Let $V$ and $W$ be vector spaces and $T:V\rightarrow W$ be linear.
(a) Prove that $T$ is one-to-one iff $T$ carries linearly independent subsets of $V$ onto linearly independent subsets of $W$.
(b) Suppose that $T$ is one-to-one and that $S$ is a subset of $V$. Prove that $S$ is linear independent iff $T(S)$ is linear independent.
(c) Suppose $\mathcal{B} = \{v_{1},v_{2},\ldots,v_{n}\}$ is a basis for $V$ and $T$ is one-to-one and onto. Prove that $T(\mathcal{B}) = \{T(v_{1}),T(v_{2}),\ldots,T(v_{n})\}$ is a basis for $W$.
MY ATTEMPT (EDIT)
(a) We shall prove that implication ($\Rightarrow$) first.

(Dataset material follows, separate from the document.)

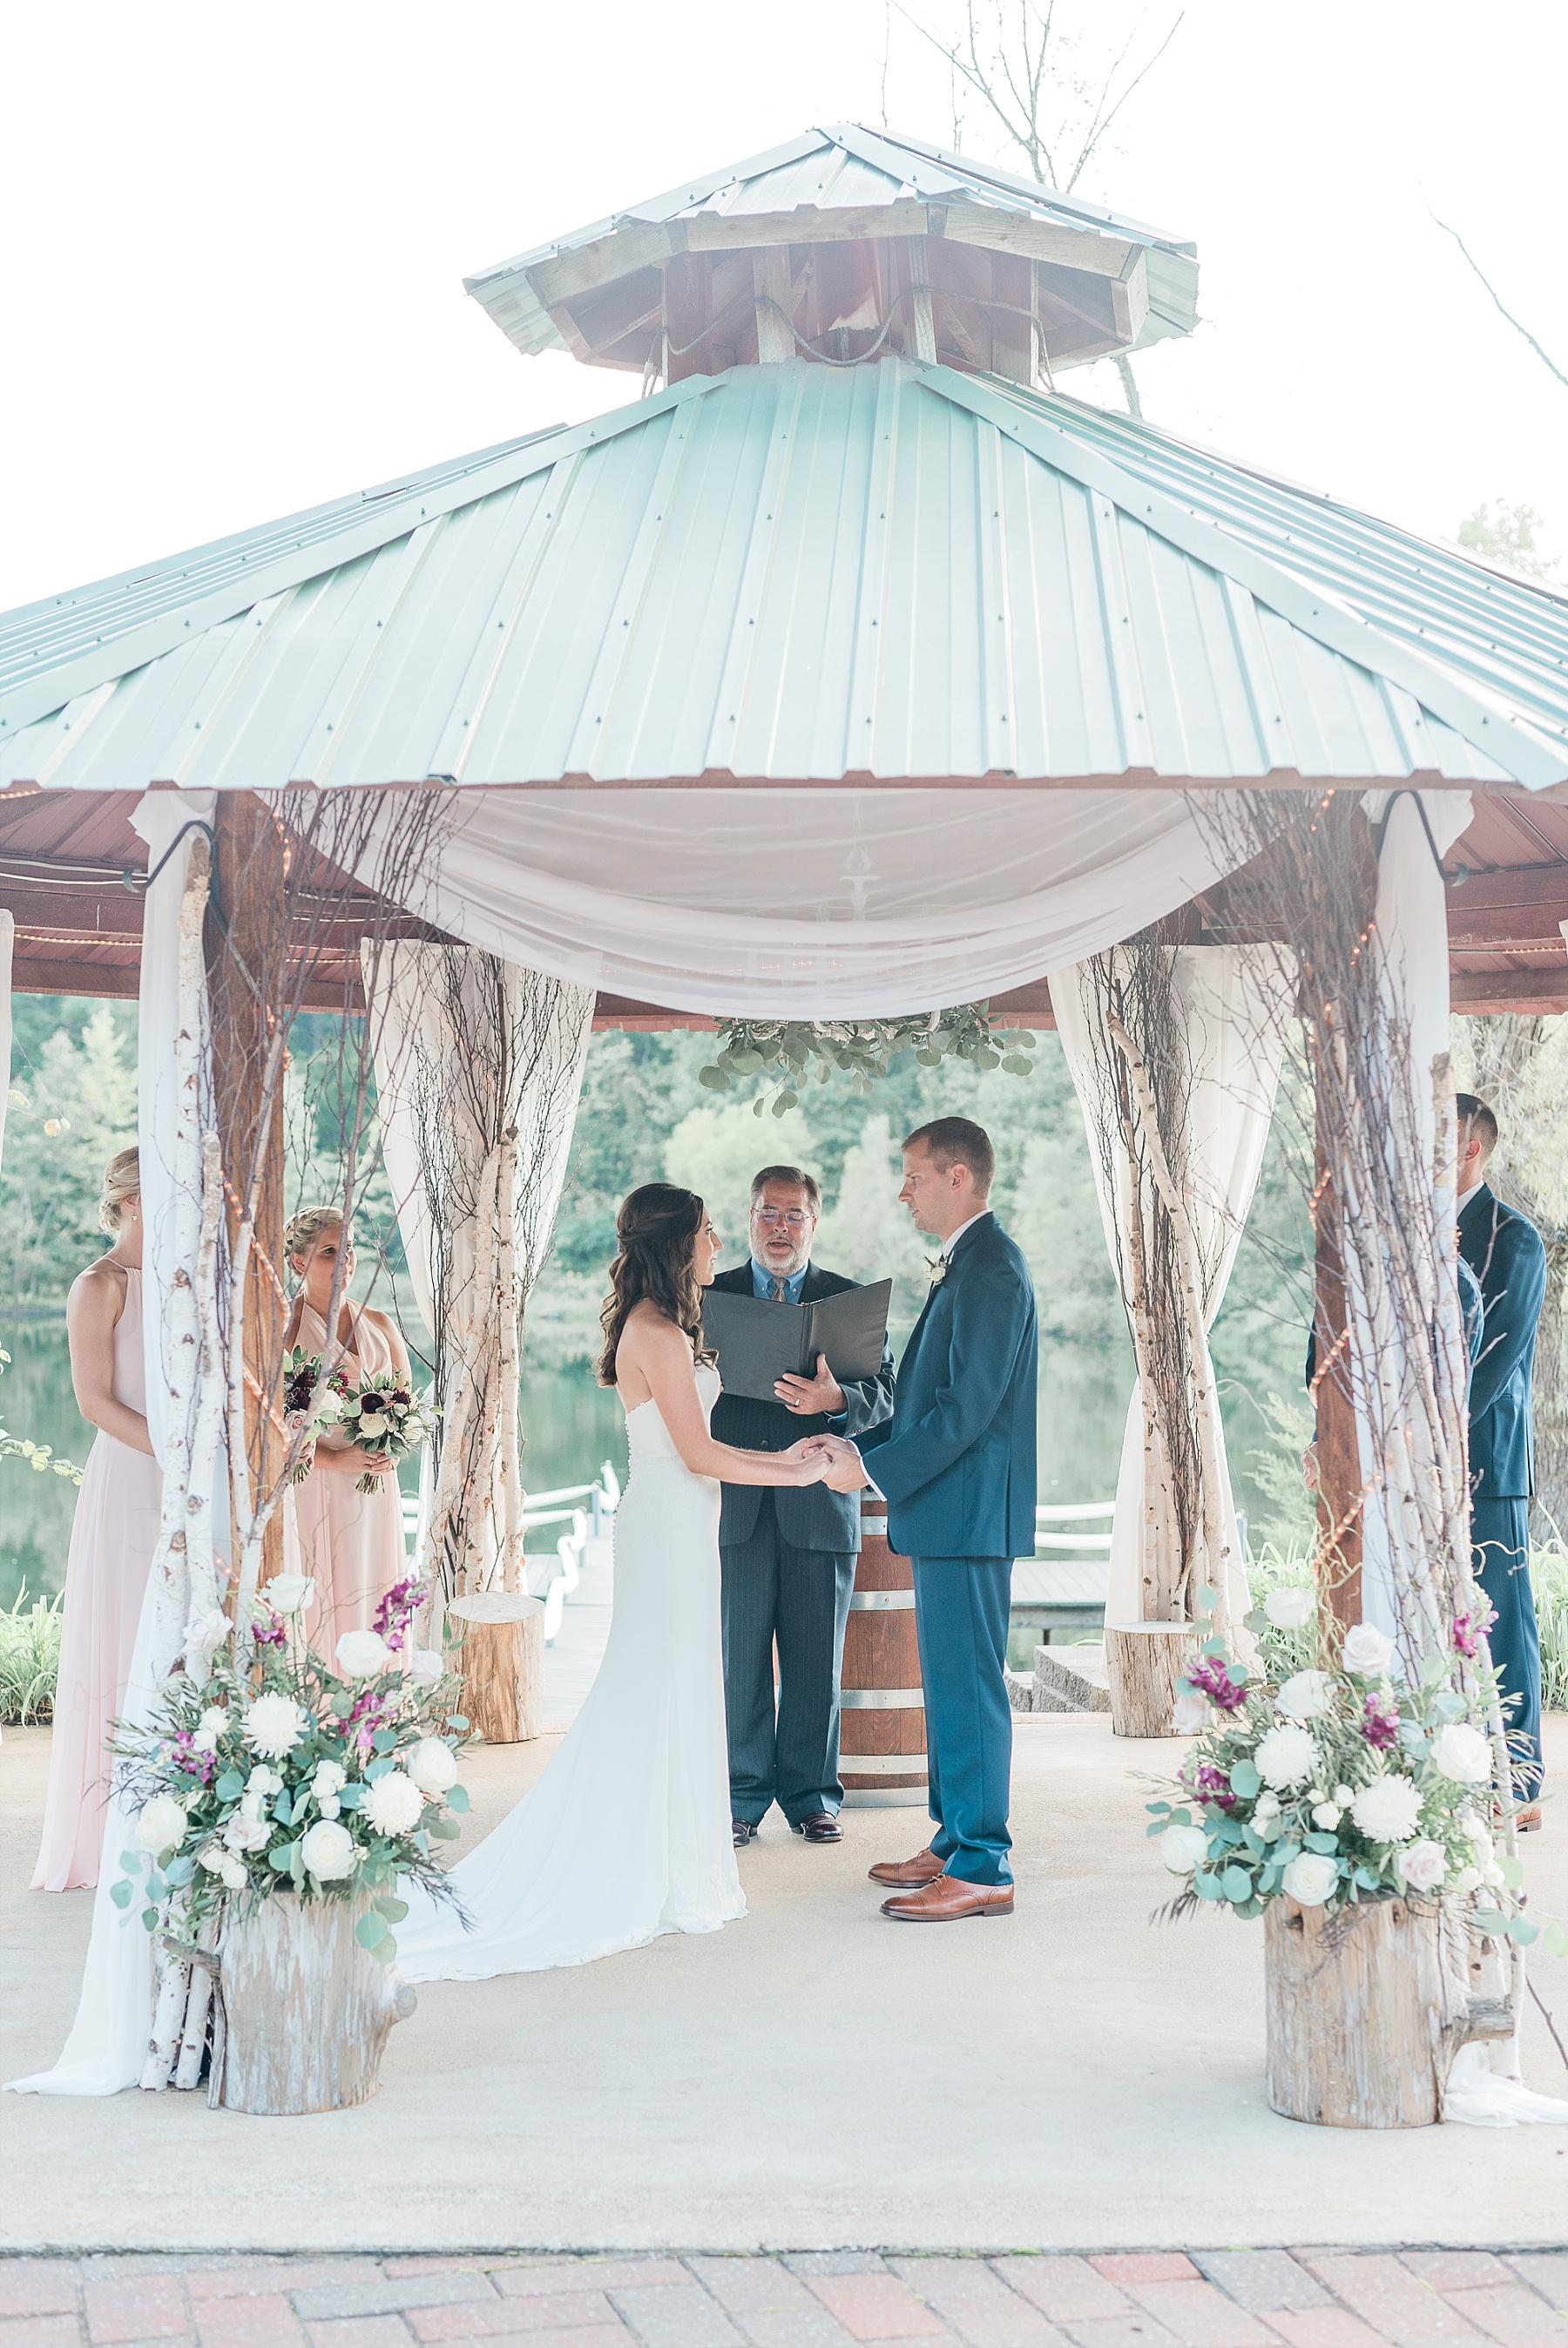 Romantic Summer Sunset Wedding Ceremony at Little Piney Lodge St. Louis Missouri by Kelsi Kliethermes Photography Fine Art Photographer_0057.jpg

Suppose that $S = \{s_{1},s_{2},\ldots,s_{m}\}\subset V$ is linear independent and $T$ is injective. Then we have that \begin{align*} & a_{1}T(s_{1}) + a_{2}T(s_{2}) + \ldots + a_{m}T(s_{m}) = 0 \Longrightarrow\\\\ & T(a_{1}s_{1} + a_{2}s_{2} + \ldots + a_{m}s_{m}) = 0 \Longrightarrow\\\\ & a_{1}s_{1} + a_{2}s_{2} + \ldots + a_{m}s_{m} = 0 \Longrightarrow\\\\ & a_{1} = a_{2} = \ldots = a_{m} = 0 \end{align*}
Thus $\{T(s_{1}),T(s_{2}),\ldots,T(s_{m})\}$ is linear independent, just as it has been claimed.
Let us prove that $(\Leftarrow)$ holds too.
We must prove that $T(v) = 0$ implies that $v = 0$. Indeed, according to the given assumption, if $\mathcal{B}_{V} = \{v_{1},v_{2},\ldots,v_{n}\}$ is a basis for $V$, then $T(\mathcal{B}_{V}) = \{T(v_{1}),T(v_{2}),\ldots,T(v_{n})\}$ is linear independent. Thence we get that \begin{align*} & T(v) = T(a_{1}v_{1} + a_{2}v_{2} + \ldots + a_{n}v_{n}) = 0 \Longrightarrow\\\\ & a_{1}T(v_{1}) + a_{2}T(v_{2}) + \ldots + a_{n}T(v_{n}) = 0 \Longrightarrow\\\\ & a_{1} = a_{2} = \ldots = a_{n} = 0 \Longrightarrow v = 0 \end{align*} and we are done.
(b) Let us prove $(\Rightarrow)$ first.
If $S$ is LI, then $T(S)$ is LI, according to (a).
Let us now prove the implication $(\Leftarrow)$.
If $S = \{s_{1},s_{2},\ldots,s_{n}\}$, then $T(S) = \{T(s_{1}),T(s_{2}),\ldots,T(s_{n})\}$. If $T(S)$ is LI, then one has that \begin{align*} & a_{1}s_{1} + a_{2}s_{2} + \ldots + a_{n}s_{n} = 0 \Longrightarrow\\\\ & T(a_{1}s_{1} + a_{2}s_{2} + \ldots + a_{n}s{n}) = 0 \Longrightarrow\\\\ & a_{1}T(s_{1}) + a_{2}T(s_{2}) + \ldots + a_{n}T(s_{n}) = 0 \Longrightarrow\\\\ & a_{1} = a_{2} = \ldots = a_{n} = 0 \end{align*} Thus $S$ is linear independent, just as desired.
(c) If $T$ is one-to-one, then $T(\mathcal{B}) = \{T(v_{1}),T(v_{2}),\ldots,T(v_{n})\}$ is linear independent. This is because $\mathcal{B}$ is LI as well.
Since $T$ is onto, we have that $T(V) = \text{span}(T(\mathcal{B})) = W$. Consequently, $T(\mathcal{B})$ is a basis for $W$, and we are done.
Could someone double-check my arguments?
Your revised attempt to show that if $T$ sends linearly independent sets to linearly independent sets is correct as far as it goes. It suffers form an unwarranted assumption that your space is finite dimensional (though you are probably working just with finite dimensional spaces). This can easily be fixed by taking an arbitrary basis and then just taking finitely many basis vectors needed to express $v$.
But there is a much simpler way: it is enough to show that if $v\neq 0$ then $T(v)\neq 0$. If $v\neq 0$, then $\{v\}$ is linearly independent, hence $\{T(v)\}$ is linearly independent; hence $T(v)\neq 0$.
Alternatively, using contrapositives, if $T(v)=0$ then $\{T(v)\}$ is linearly dependent, which means that $\{v\}$ is linearly dependent, which means that $v=0$.